La réalité est que la majorité des Marocains en France et ailleurs s’allie depuis longtemps à l’extrême droite, et de plus en plus aujourd’hui, pour attaquer en continu l’Algérie. L’Algérie, elle, a choisi de tourner la page, avec le Maroc mais aussi avec la France, prisonnière des lobbys israéliens et marocains. Les Franco-Marocains voteront pour quiconque fera avancer l’agenda du Roi. Les Algériens, eux, votent à gauche - pour le moment - pour ceux qui portent les mêmes valeurs qu’eux, indépendamment des pressions. Pour Alger, Paris est devenu une cause perdue.
Pour les militants des causes justes Rima Hassan est au décolonialisme ce que Bruno Retailleau est au gaullisme : une carriériste affairiste qui a raté l’occasion de devenir le symbole de la gauche décoloniale disparue en France.
Il ne reste debout aujourd’hui que Dominique de Villepin, mais jusque quand ?
La vérité, c’est qu’elle a pris la grosse tête. Elle croit incarner à elle seule la Palestine, alors qu’elle n’en est qu’une voix. Elle oublie que la cause ne se réduit pas à une personne, encore moins à une stratégie électorale à courte vue. La Palestine survivra à ses volte-face. Les Franco-Algériens continueront à défendre Gaza, car c’est dans leur mémoire, dans leur chair, dans leur histoire. Mais ils se détourneront d’elle, car ils n’acceptent pas qu’une figure née de leur soutien se retourne contre eux. Elle découvrira alors le prix de l’effort, le prix de la fidélité, le prix de l’histoire. Car dans les luttes de libération, la loyauté n’est pas un luxe : c’est une colonne vertébrale. Et ceux qui la brisent finissent toujours par perdre le socle sur lequel ils croyaient régner.

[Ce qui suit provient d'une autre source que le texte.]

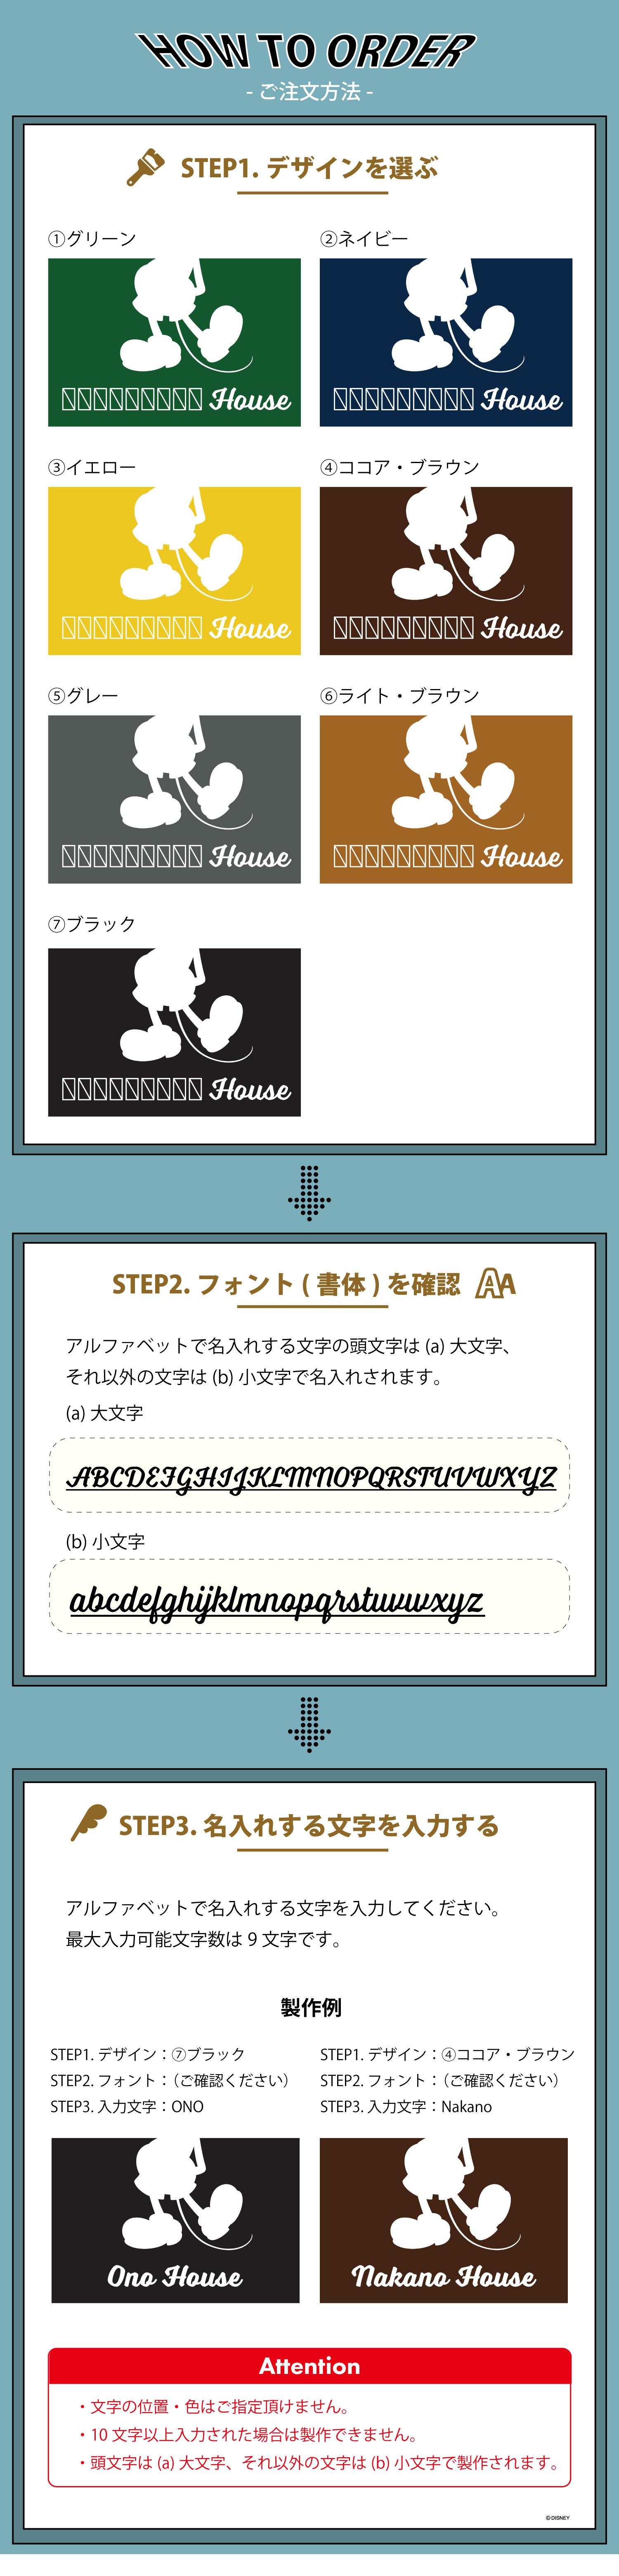 ディズニー名入れマット商品紹介ページ
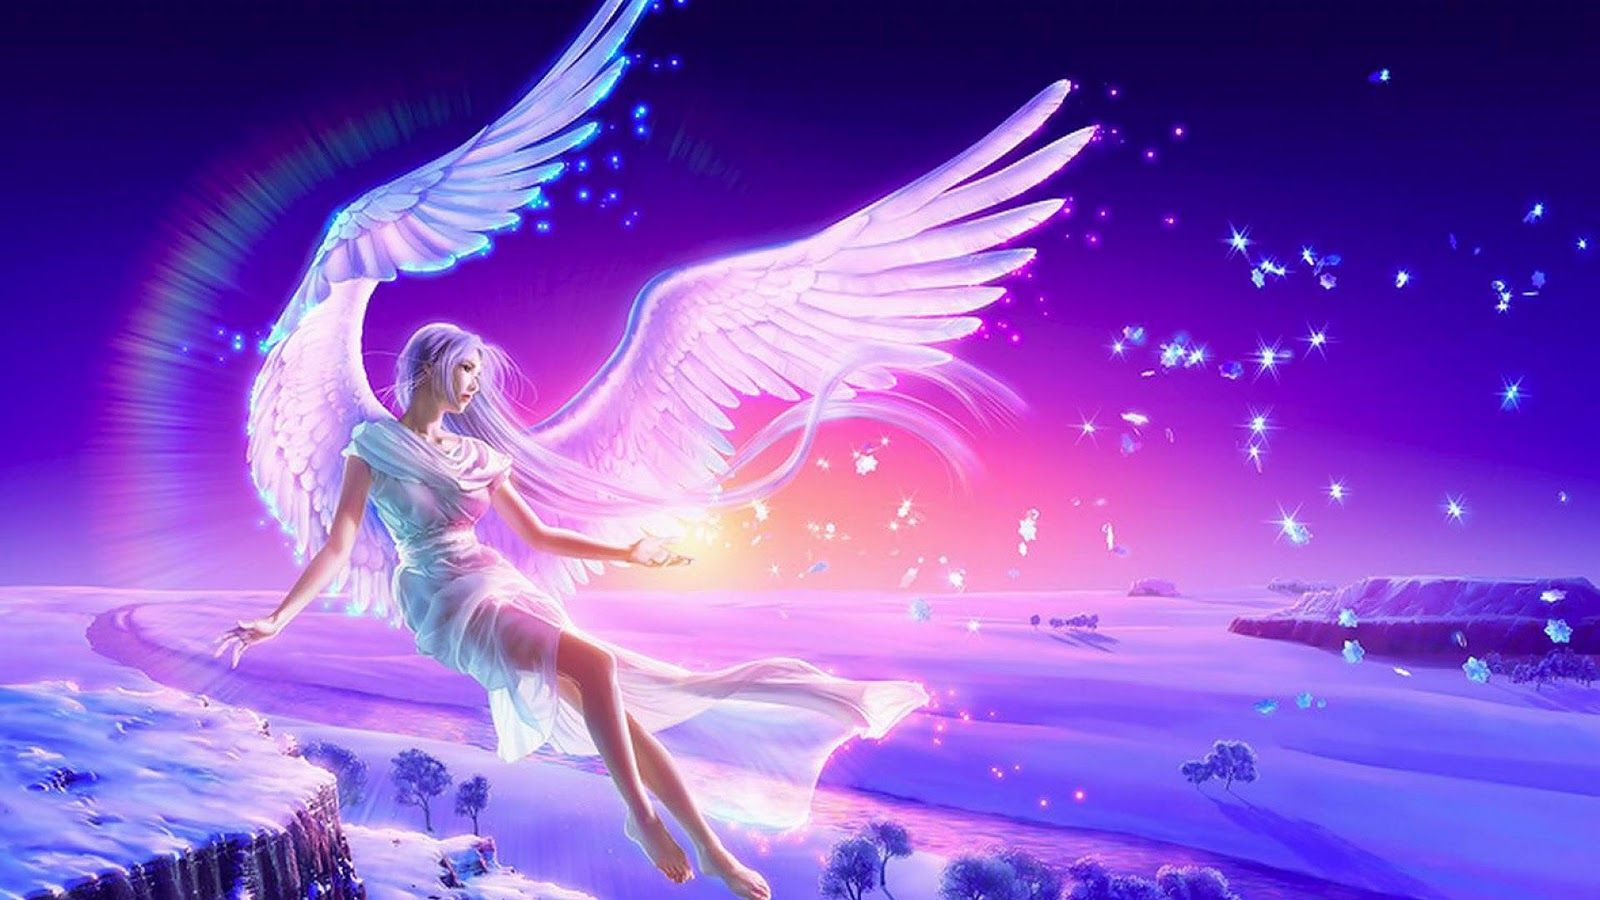 Angels Desktop Wallpapers Angel Pictures Angel Wallpaper Beautiful Angels Pictures Angel hd wallpaper download

Reste alors une question : est-elle mieux, in fine, que ceux qui avant elle ont vendu la cause palestinienne, cette cause-mère de toutes les luttes de décolonisation ? Car si l’on accepte que la colonisation puisse être tolérée entre « frères arabes », pourquoi ne pas souscrire aussi aux thèses israéliennes affirmant que l’État palestinien existe déjà en Jordanie ? La constance apporte le respect. Les calculs électoraux et la soumission aux lobbys n’enseignent qu’une seule leçon : ceux qui retournent leur veste sur une cause juste finiront toujours par être reniés, non seulement par leurs soutiens, mais par l’Histoire. L’Histoire, elle, n’appartient pas à ceux qui calculent, mais à ceux qui tiennent bon.